EE: For many students at MVHS, Santa Clara’s history began with the rise of technology and Silicon Valley. But the Sunnyvale Heritage Park Museum, located 13 minutes away from MVHS, tells a different story. We spoke to docent Sally Beaupre about her experience volunteering at the museum, as well as what its many artifacts have to offer. Follow along with us to explore a piece of Santa Clara’s history.
EE: What’s your role here at the museum?
SB: I do a couple of different things, so I’m a docent, taking people around and showing them about the history of the town they live in, sort of the layers of history that have been here before us, and sort of help our imagination go to what will be here next.
EE: What drew you to this position?
SB: I retired from my job as a high school teacher, and I wanted to go on and find something to do that’s educational, something with history, because I love history, even though that wasn’t what I taught. And when I found out that there was a need for docents to take people around, I was excited, so I called up and came.
EE: What does a day in the life of working in this museum look like?

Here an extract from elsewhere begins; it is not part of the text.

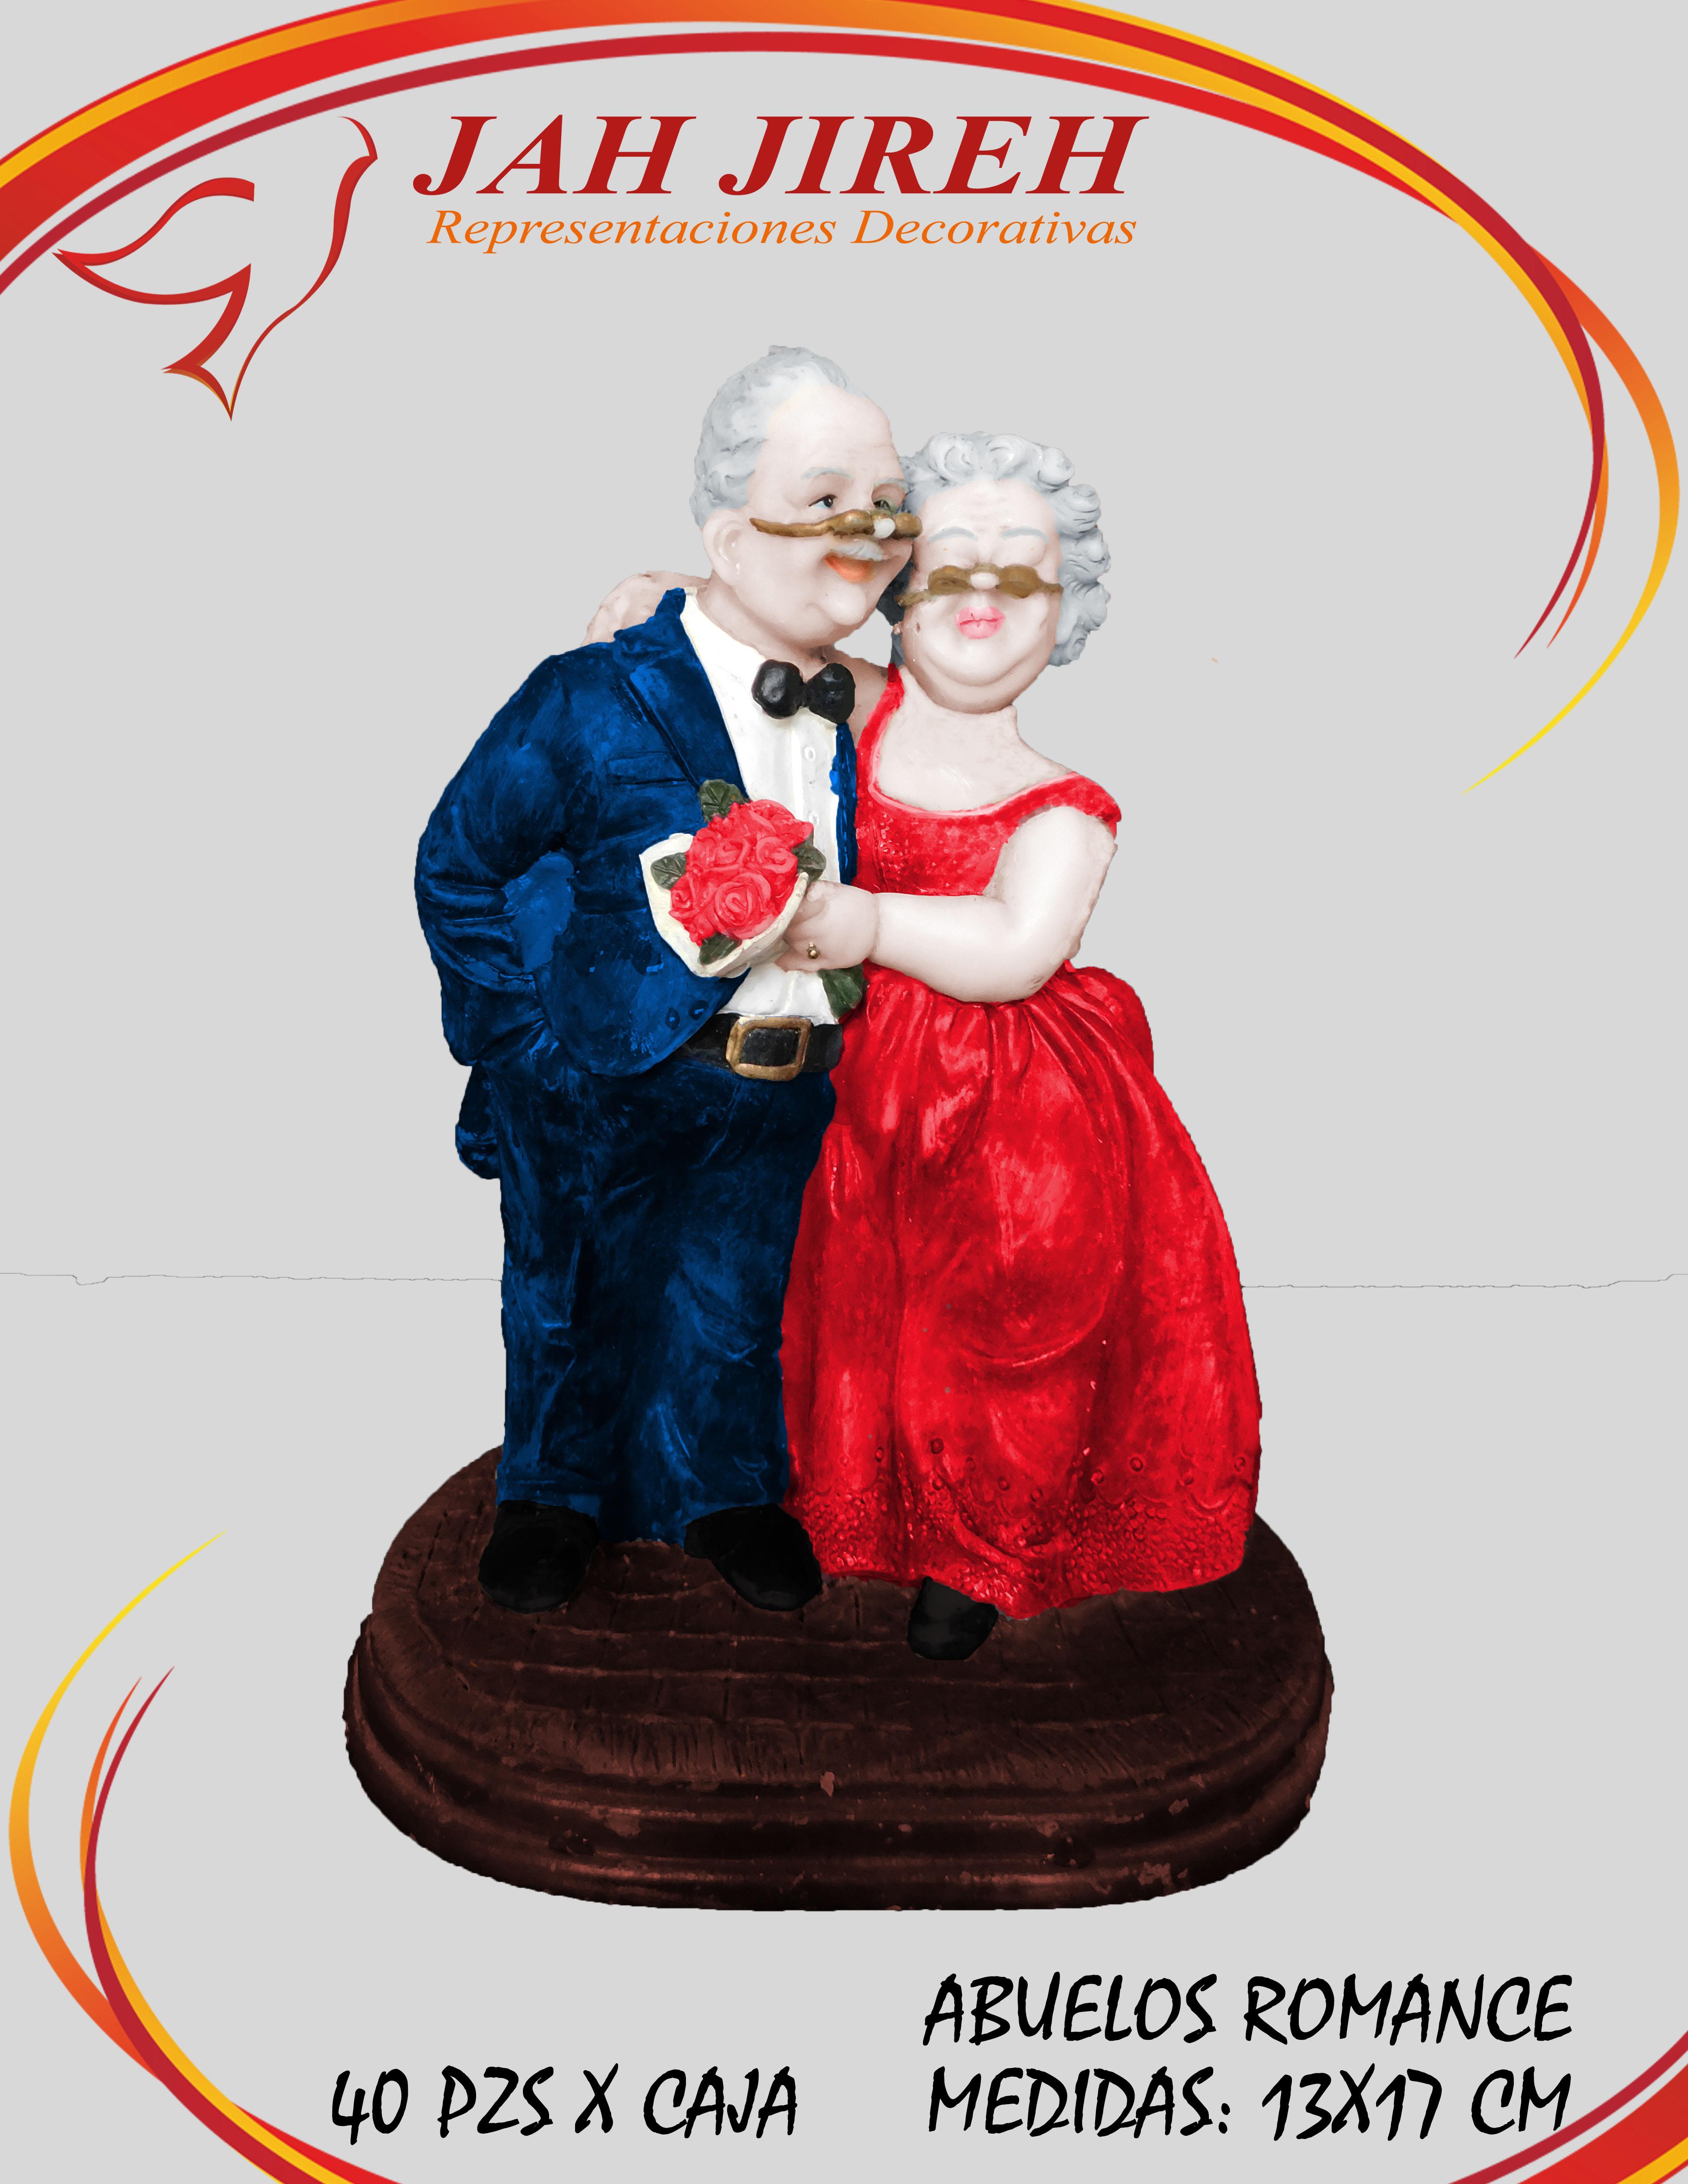 https://0201.nccdn.net/1_2/000/000/106/034/abuelos-romance.jpg

SB: I wait for people to arrive, like you all, and then I get excited, because maybe they don’t know anything about how deep the history is of the place they live, and so it’s fun to sort of reveal it and to show the similarities — things that they might notice from the past, like the name Murphy. Murphy Avenue is our main street. A lot of the streets in town are named after Martin Murphy Junior’s children, like Matilda and Evelyn and Mary — those were all his children or grandchildren. So it’s exciting to learn the layers and have connections with things that maybe are just names to you for a moment, and then suddenly, when you learn there’s a connection, it sticks with you and gives depth to your life. So it’s fun to talk to the people.

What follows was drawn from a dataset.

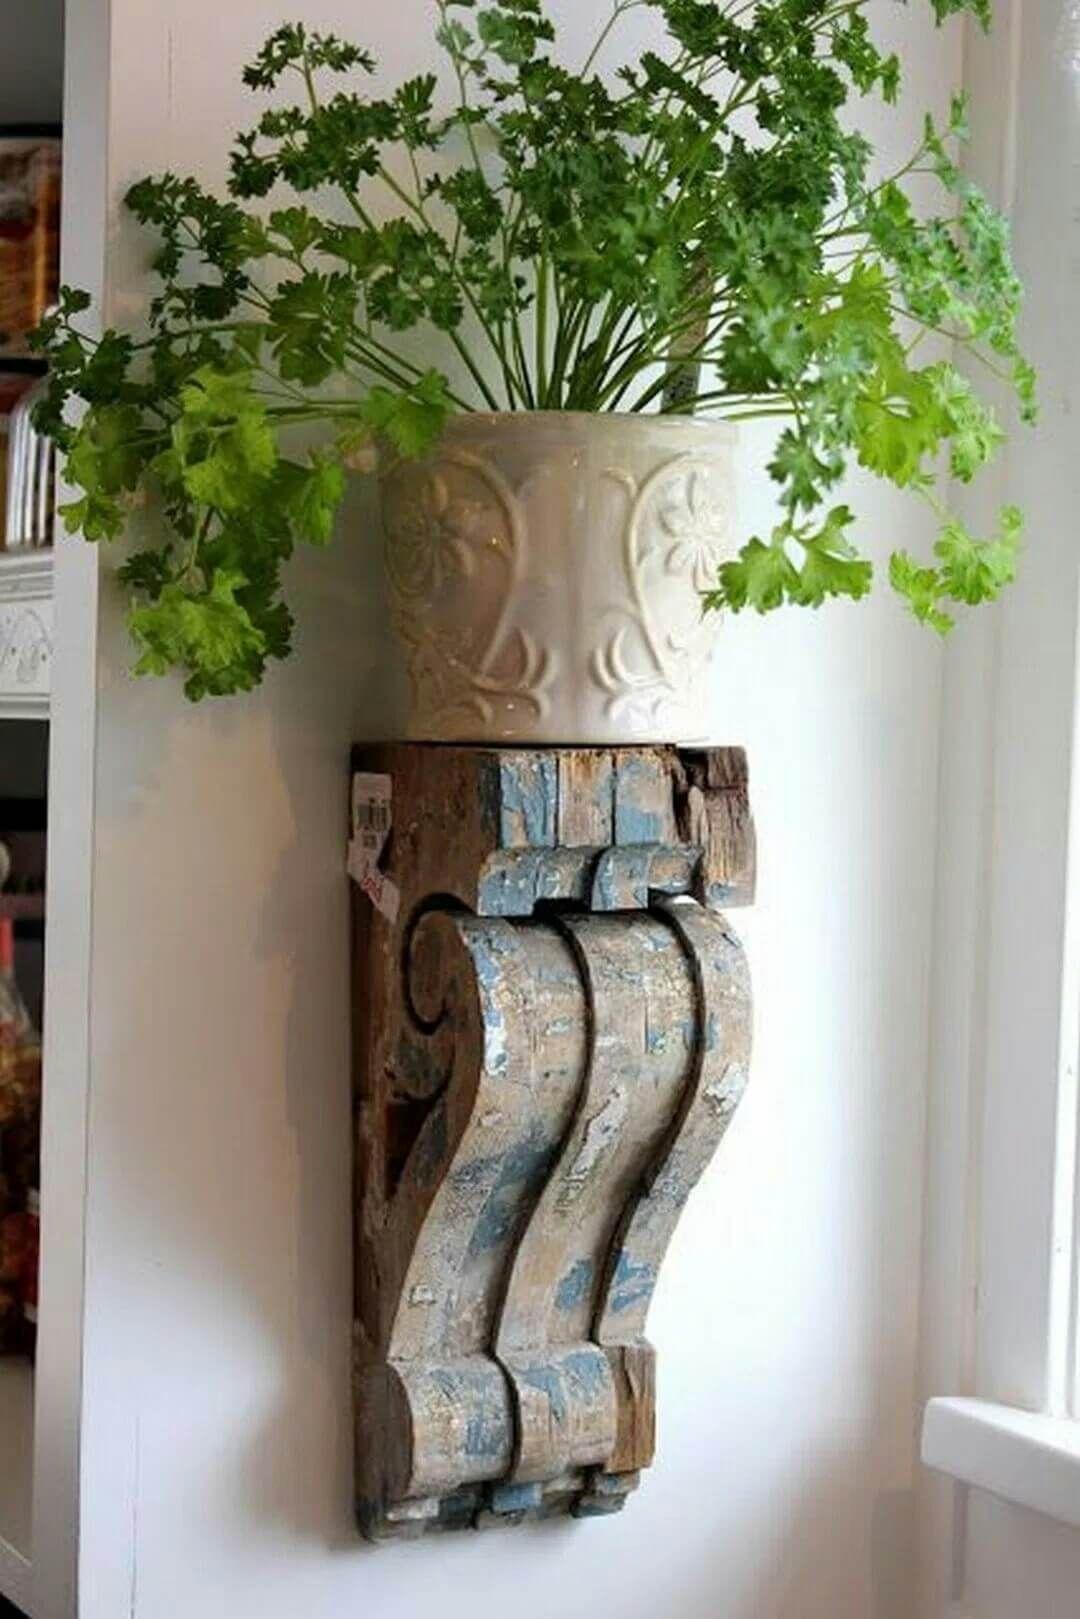 Idee Creative Per La Casa 37 creative ideas for decorating with rustic corbels | idee

EE: What do you think guests here are most surprised to learn about?
SB: I think just how much history there is, and they are very excited about the fact that there is one family, the Murphy family, who we identify this town with — their story is so unique, and everyone can sort of imagine that immigrant experience. And then maybe, I mean, I hope people sort of compare it to their immigrant experience, because we still have so many people with really harrowing immigration experiences, some not so harrowing, but definitely the Murphys’ were, and a lot of people were.

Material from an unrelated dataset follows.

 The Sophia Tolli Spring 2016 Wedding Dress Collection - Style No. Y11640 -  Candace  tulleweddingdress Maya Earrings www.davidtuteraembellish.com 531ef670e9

EE: Are there any challenges you face while working here?
SB: Finding maybe what interests different visitors. Some, it’s very easy, because they know a lot about American history, and it’s all sliding into places in the scaffold in their brain. And for other people, it’s all new, and some people love the story of the family and want to know more about what happened to all the descendants. Other people are just surprised by the beginnings of technology that they learn about here.
EE: Can you introduce us to your favorite artifact or item here and tell us about it?
SB: OK, all right, well, I think you’ve seen it, I think it’s the mural room, but since it’s the summary of the history of the whole of the Santa Clara Valley, I just think that this is amazing. It was done by a female artist in Sebastopol, and she actually is married to a descendant of the Murphy family, which is just a coincidence, but she loves painting historical things for museums and also for Trader Joe’s.
But to me, this is just a work of genius, to go from the Native American village of Posolmi, which is, in fact, where Moffett Field is today. And we have a picture of the Native American who was granted that land, his village’s old land, as his ranch, after the Mexican period. So his name was Yñigo, and this is Yñigo. To me, it’s so exciting to have that historical connection.
But you’re seeing here the Native American Ohlone, and then the Spanish period that went into the Mexican period, and the big ranches, and the American period when the stagecoaches came. Then the Industrial Revolution with the trains, and that coincided with the Gold Rush of ‘49, and then you see the little town of Sunnyvale, just a little rural town with mud streets and horses and cars at the same time. And then industry like Hendy, which came down from San Francisco after the earthquake, and then all the orchards that replaced the wheat fields, because that was a better use of the land. And then technology. We’re just starting with technology. And Lockheed came in 1954 to this area, and so the little subdivisions that now cover that land, that land, that are what we’re showing and you guys are going to write the next panel of this when you decide what Sunnyvale or this area, Santa Clara Valley, will look like.
EE: What do you wish people knew about the museum?
SB: That it was here. A lot of people come in and say, “I’ve lived in Sunnyvale for 40 years, and I didn’t know we had a museum.”